Die Bensheimer Molekularbiologin vom Schilddrüsenzentrum Bergstraße Anette Merke referierte auf Einladung des Frauenbüros über die Funktion des schmetterlingsförmigen Organs und über die Probleme, die bei einer Dysfunktion auftreten können. Die Frauenbeauftragte Marion Vatter tat gut daran, das Haus am Markt als Veranstaltungsraum zu wählen. Das Thema stieß auf große Resonanz. Der Saal war bis auf den letzten Platz besetzt.

Wie eine Walnuss

Die Schilddrüse ist etwa walnussgroß und nur rund 30 Gramm schwer. Trotzdem kommt ihr als Steuerungsorgan und Hormonregulator eine große Aufgabe zu. Es produziert auf Anregung des von der Hypophyse gebildeten TSH (Thyroidea-stimulierendes Hormon) die Wirkstoffe T3 und T4 und schickt sie in den Blutkreislauf.

Diese beiden Hormone sind dann stoffwechselaktiv. Liegt eine Unterfunktion vor, wird der gesamte Metabolismus im Körper heruntergefahren, bei einer Überfunktion passiert genau das Gegenteil.

Erkrankungen des Organs wirken sich somit auf den gesamten Körper aus: auf das Nervensystem, auf Haut und Fingernägel, auf den Darm wie auch auf das Knochenwachstum, auf das Herz-Kreislauf-System bis hin zur Muskulatur und die Fortpflanzung.

Bildung von Antikörpern

Die Referentin zeigte die Symptome auf, die bei Morbus Basedow auftreten. Der Körper bildet in diesem Fall Antikörper gegen die eigene Schilddrüse. Dabei kommt es aufgrund eines komplizierten Mechanismus zu einer Schilddrüsenüberfunktion mit teilweiser Kropfbildung.

Die Patienten leiden häufig an Schlaflosigkeit, Zittern, Nervosität, Herzrhythmusstörungen und Gewichtsverlust trotz Heißhunger-Attacken. Ein Indiz ist ein Hervorquellen der Augäpfel.

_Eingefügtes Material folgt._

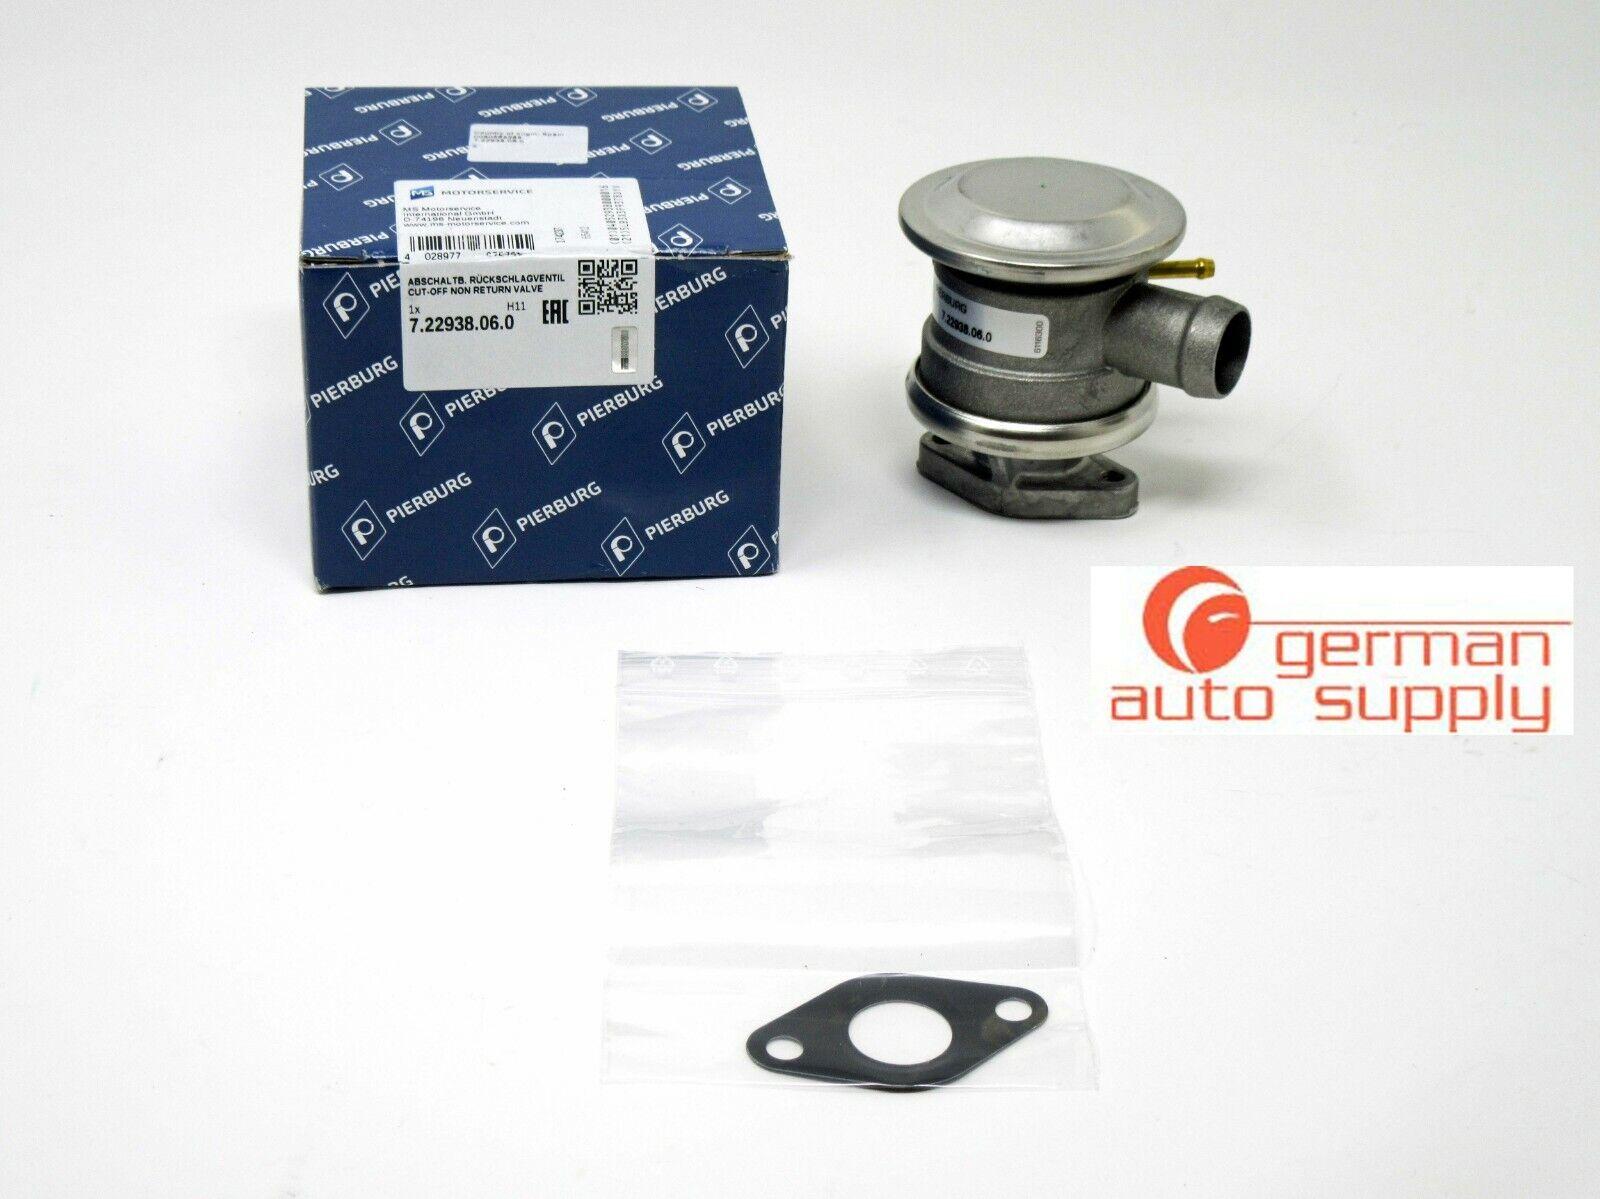 One New Pierburg Secondary Air Injection Shut-Off Valve 722938060 for Porsche

Eine andere Form der Dysfunktion ist Hashimoto-Thyreoiditis. Sie ist die am häufigsten vorkommende Autoimmunkrankheit. In Deutschland sind je nach Schätzung zwischen sieben und zwölf Prozent der Menschen daran erkrankt. Die Hashimoto-Thyreoiditis ist nicht heilbar. Sie entsteht dadurch, dass der Körper Antikörper gegen das Schilddrüsengewebe bildet. Dies führt zu Symptomen wie trockene Schleimhäute, Nervenentzündungen, Stimmungsschwankungen, Hautreizungen, Gewichtszunahme und vereinzelt Kopfschmerzen.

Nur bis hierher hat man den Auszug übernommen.